Objective: To investigate the effect of a 1-year coaching program for healthy physical activity on perceived health status, body function, and activity limitation in patients with early rheumatoid arthritis.
Methods: A total of 228 patients (169 women, 59 men, mean age 55 years, mean time since diagnosis 21 months) were randomized to 2 groups after assessments with the EuroQol visual analog scale (VAS), Grippit, Timed-Stands Test, Escola Paulista de Medicina Range of Motion scale, walking in a figure-of-8, a visual analog scale for pain, the Health Assessment Questionnaire disability index, a self-reported physical activity questionnaire, and the Disease Activity Score in 28 joints. All patients were regularly seen by rheumatologists and underwent rehabilitation as prescribed. Those in the intervention group were further individually coached by a physical therapist to reach or maintain healthy physical activity (> or =30 minutes, moderately intensive activity, most days of the week).

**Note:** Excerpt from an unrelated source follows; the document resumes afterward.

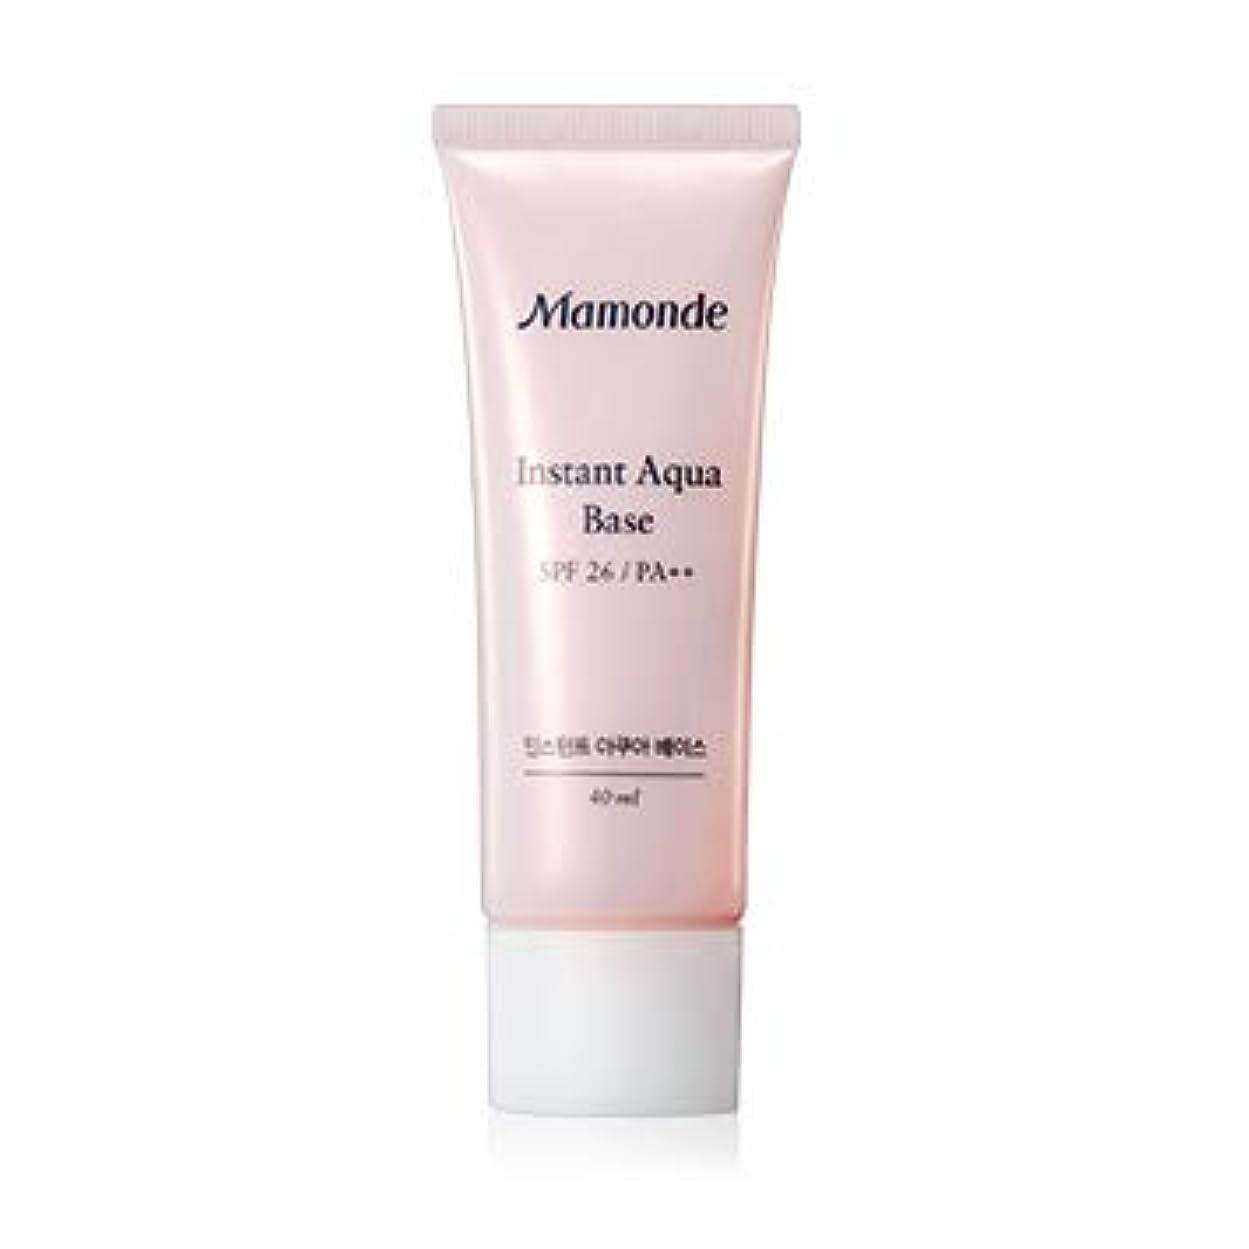 導体胃明確なマモンド インスタントアクアベース40ml / Mamonde Instant Aqua Base SPF26 PA++ [並行輸入品]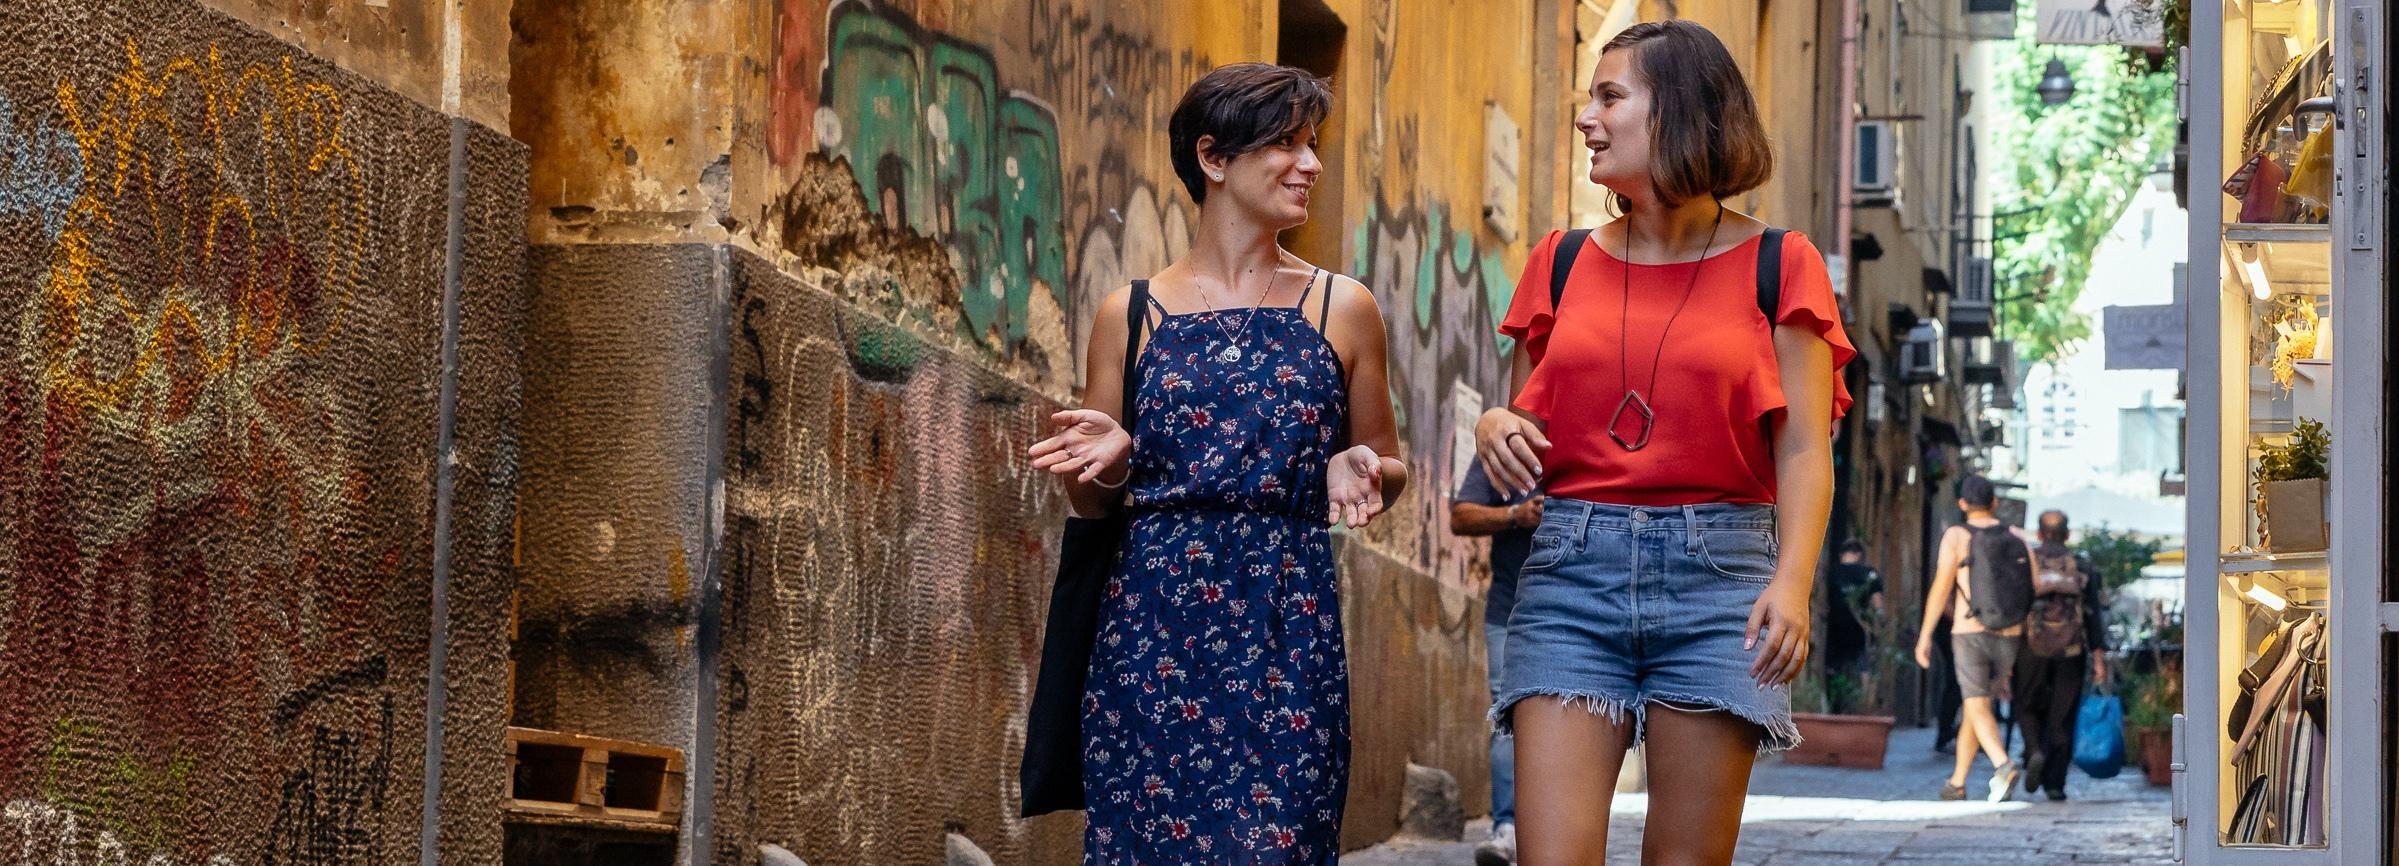 Неаполь-стрит Искусство, культура и легенды Частная прогулка

Results: The retention rates after 1 year were 82% in the intervention group and 85% in the control group. The percentages of individuals in the intervention and control groups fulfilling the requirements for healthy physical activity were similar before (47% versus 51%; P > 0.05) and after (54% versus 44%; P > 0.05) the intervention. Analyses of outcome variables indicated improvements in the intervention group over the control group in the EuroQol VAS (P = 0.025) and muscle strength (Timed-Stands Test; P = 0.000) (Grippit; P = 0.003), but not in any other variables assessed.
Conclusion: A 1-year coaching program for healthy physical activity resulted in improved perceived health status and muscle strength, but the mechanisms remain unclear, as self-reported physical activity at healthy level did not change.